Keywords: endometrial cancer, methylation biomarker, RASSF1A/HIST1H4F, cervical Pap brush
Introduction
Endometrial cancer (EC) is the most prevalent female genital tract malignancy in developed countries. 1 In 2017, EC's incidence and mortality were 61 380 and 10 920 (new cases) in the United States, respectively. 2 In China, EC affected 81 964 women and led to 16 607 deaths in 2020. 3 For localized/early stage EC patients, the 5-year overall survival is almost 95% for stage I disease, whereas it decreases to 20% in stage IV. 4 Hence, effective early detection and diagnosis of EC is essential for EC clinical management. Current methods for early EC detection/screening include endometrial biopsy, transvaginal ultrasound, pelvic magnetic resonance imaging (MRI) scan, hysteroscopy, and endometrial cytology. Among them, an endometrial biopsy for histopathological assessment is the gold standard to confirm EC diagnosis. However, due to inadequate sampling, it still has a 10% false negative rate. Sometimes, patients should endure invasive sampling repeatedly, which is unpleasant and stressful. Although hysteroscopic biopsy can improve the positive rates, invasive workups may potentially lead to the spread of cancer cells. Transvaginal ultrasound by measuring endometrium thickness is commonly used for EC screening in postmenopausal women without clinical symptoms. Unfortunately, poor specificity limits its solo use in a routine clinical manner, because serous EC can occur in patients with atrophic endometrium. 5 For pelvic MRI scan, it is costly and normally used to assess neoplasm invasiveness region/range. Endometrial cytology is a commonly used method in medical care with the aim of EC diagnostic screening among high-risk populations.

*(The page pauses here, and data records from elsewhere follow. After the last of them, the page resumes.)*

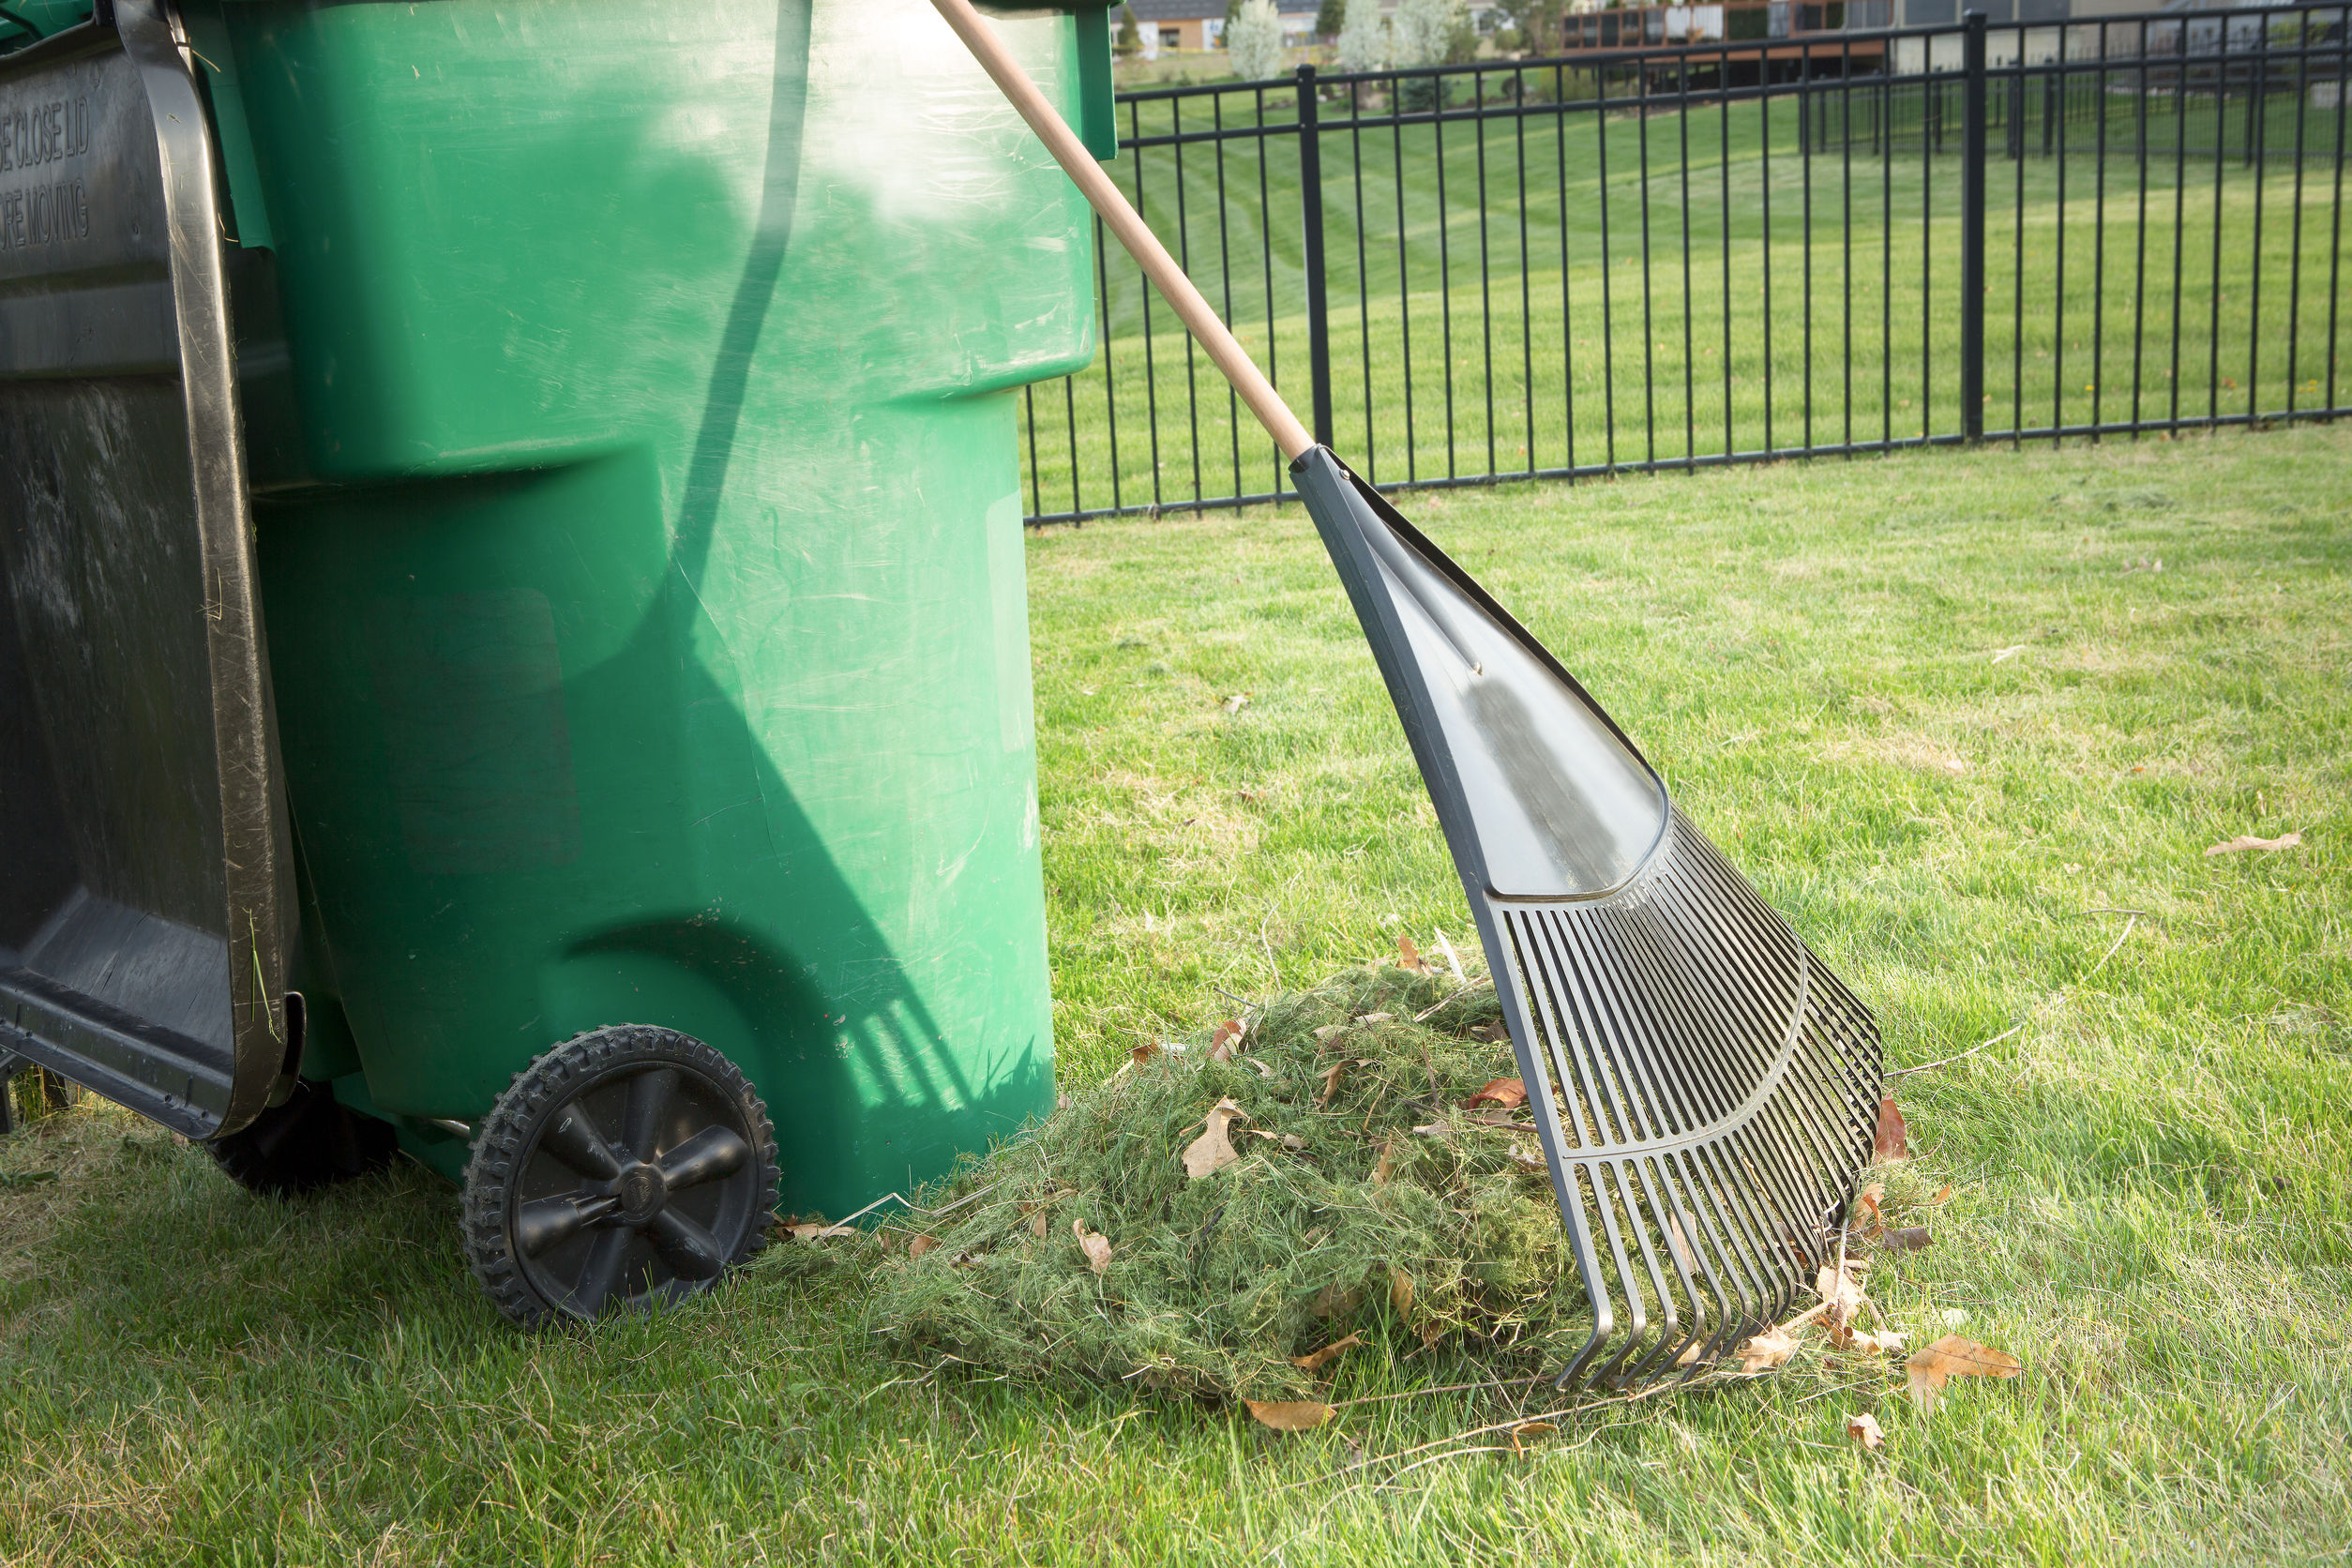 Yard cleaning. Мусорные баки для скошенной травы. Сгребают скошенную траву. Очистка газона от листьев. Yard debris removal.
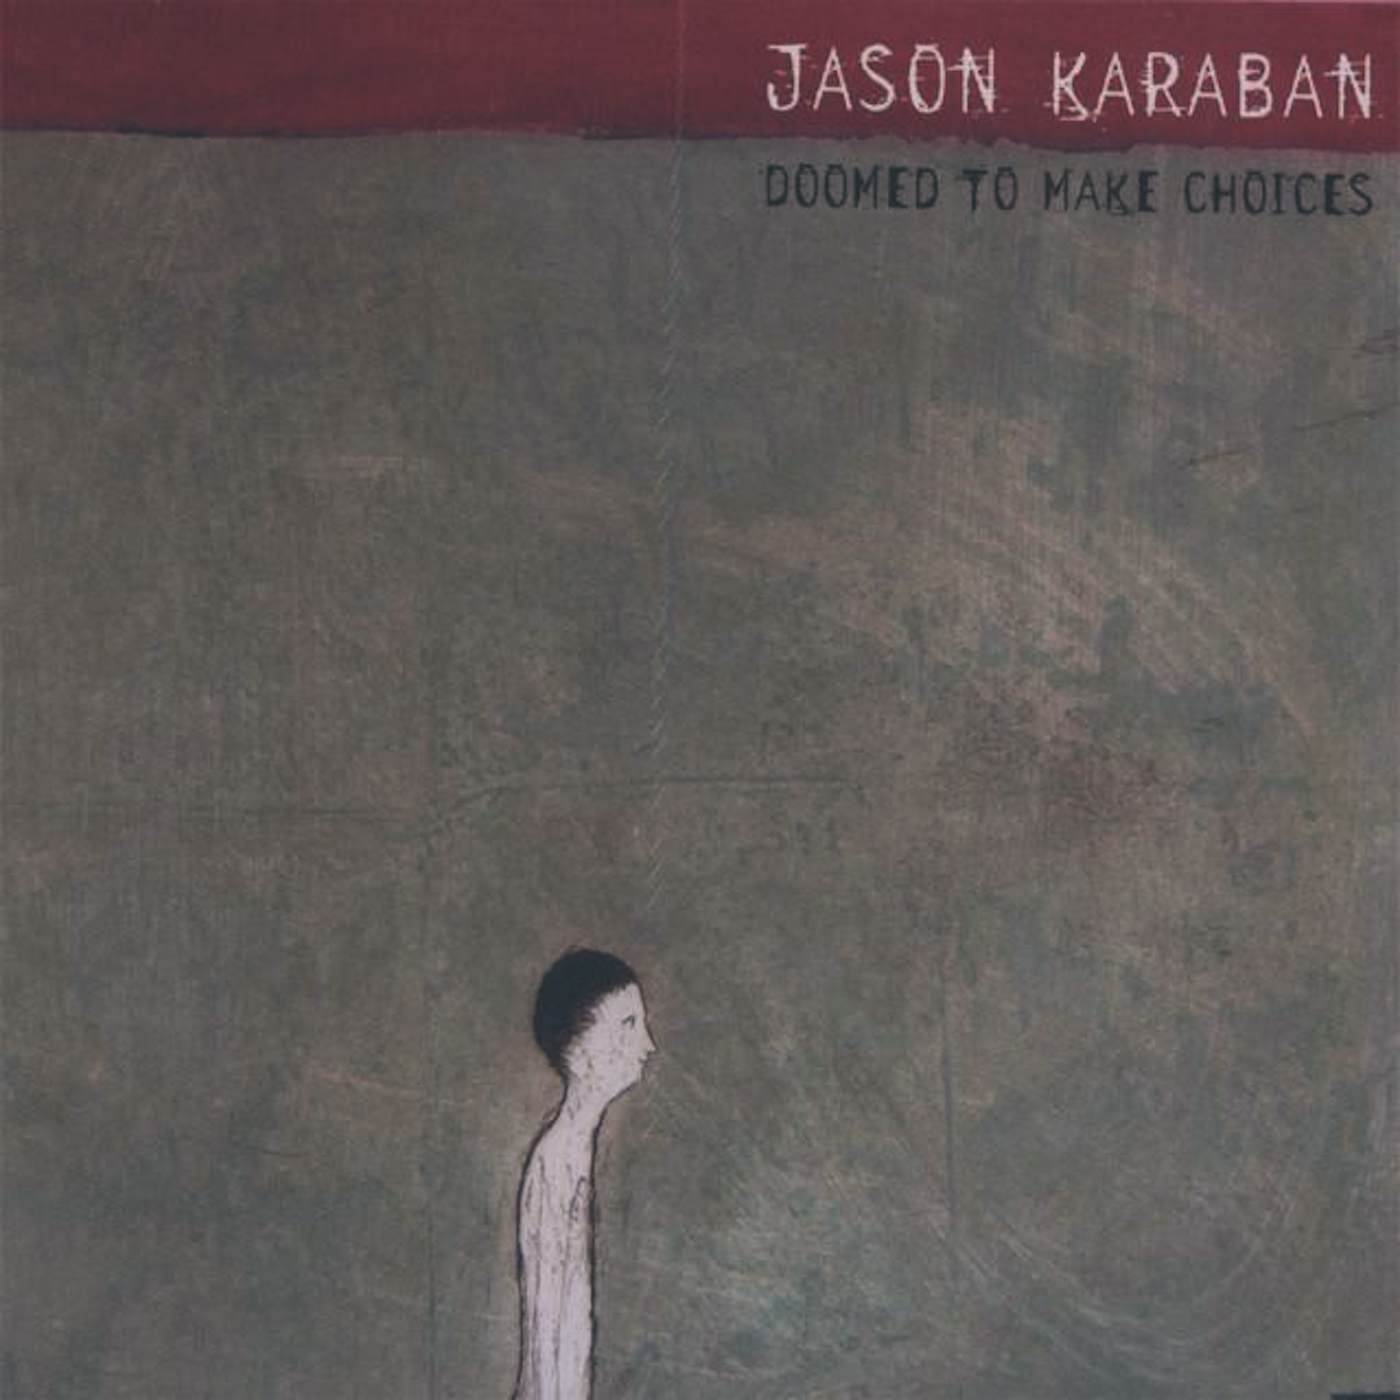 Jason Karaban
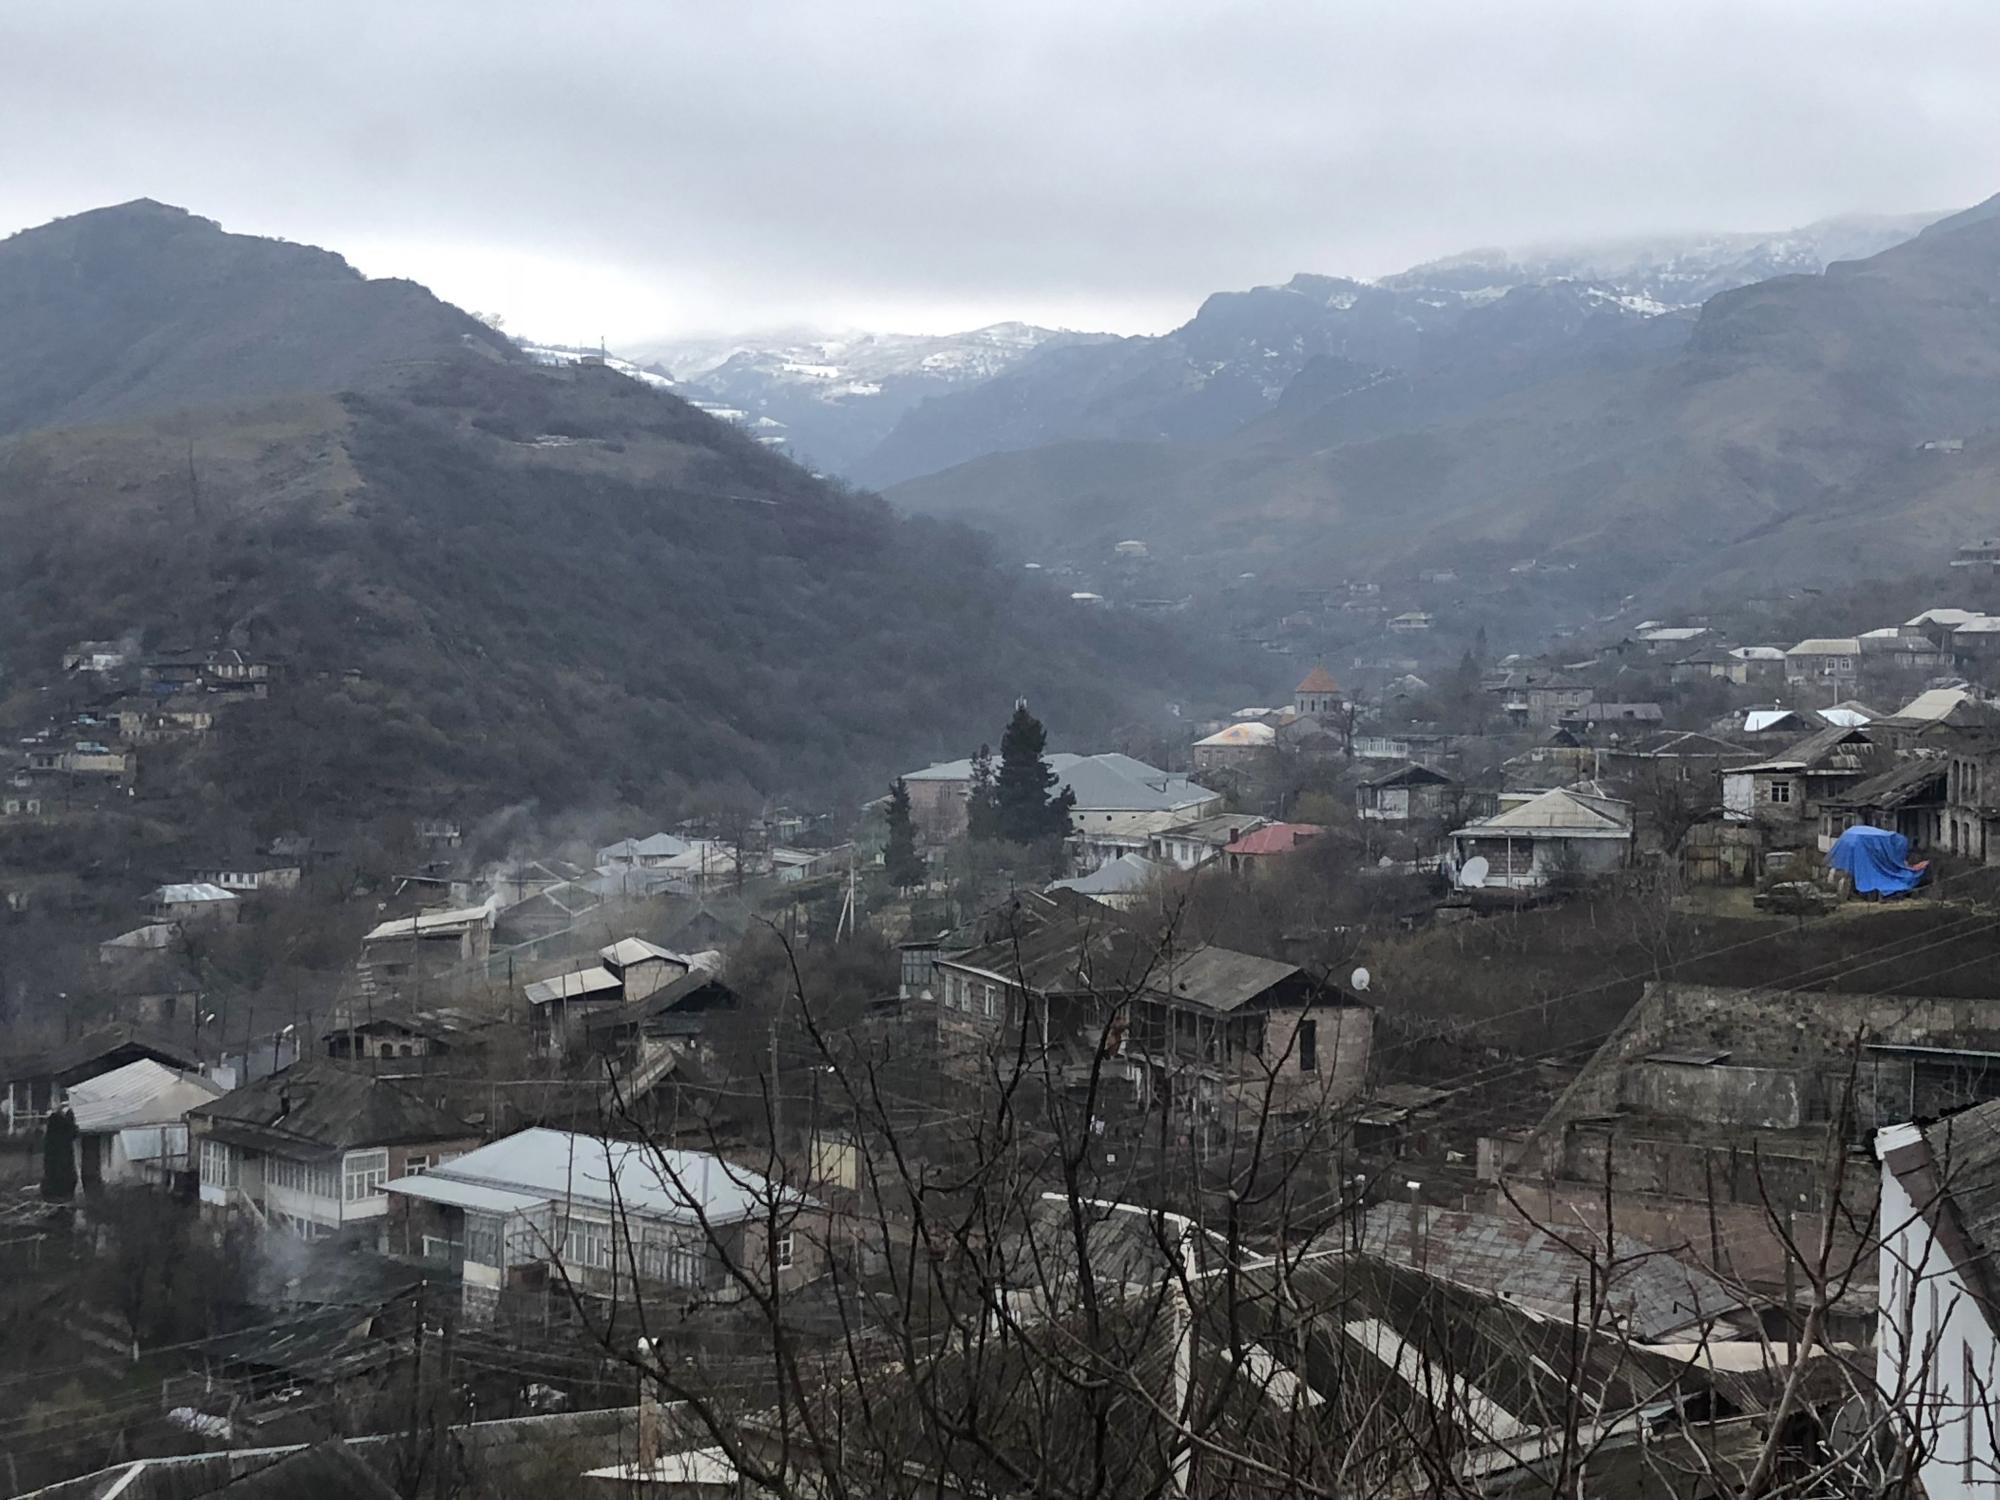 Մովսես գյուղում ադրբեջանական կողմից կրակոցներն արձակվում են գյուղին շատ մոտ հեռավորությամբ․ ՄԻՊ

Endometrial cytology consists of a transvaginal or transuterine collection of endometrial exfoliative cells. At present, the former is commonly used in clinical care to obtain endometrial “sloughed off” cells just from the cervix uteri to check the presence or absence of cancer cells. As a result, the small number of epithelial cells shedding from endometrium results in low positivity rates and sensitivity. Alternatively, the collection of endometrial cells from the uterine cavity has been used to screen postmenopausal EC patients and follow-up or monitor asymptomatic women with a high risk of developing EC in some countries. Nevertheless, cytological evaluation of smears derived from endometrial cells is quite tricky. The lack of general consent for diagnosing EC limits its comprehensive utilization in clinical medicine. 6 In fact, current methods of EC screening are inaccurate and unsatisfactory, even in symptomatic patients. Therefore, the development of an effective, noninvasive, or minimally invasive method for EC detection or triage of high-risk patients is a high priority.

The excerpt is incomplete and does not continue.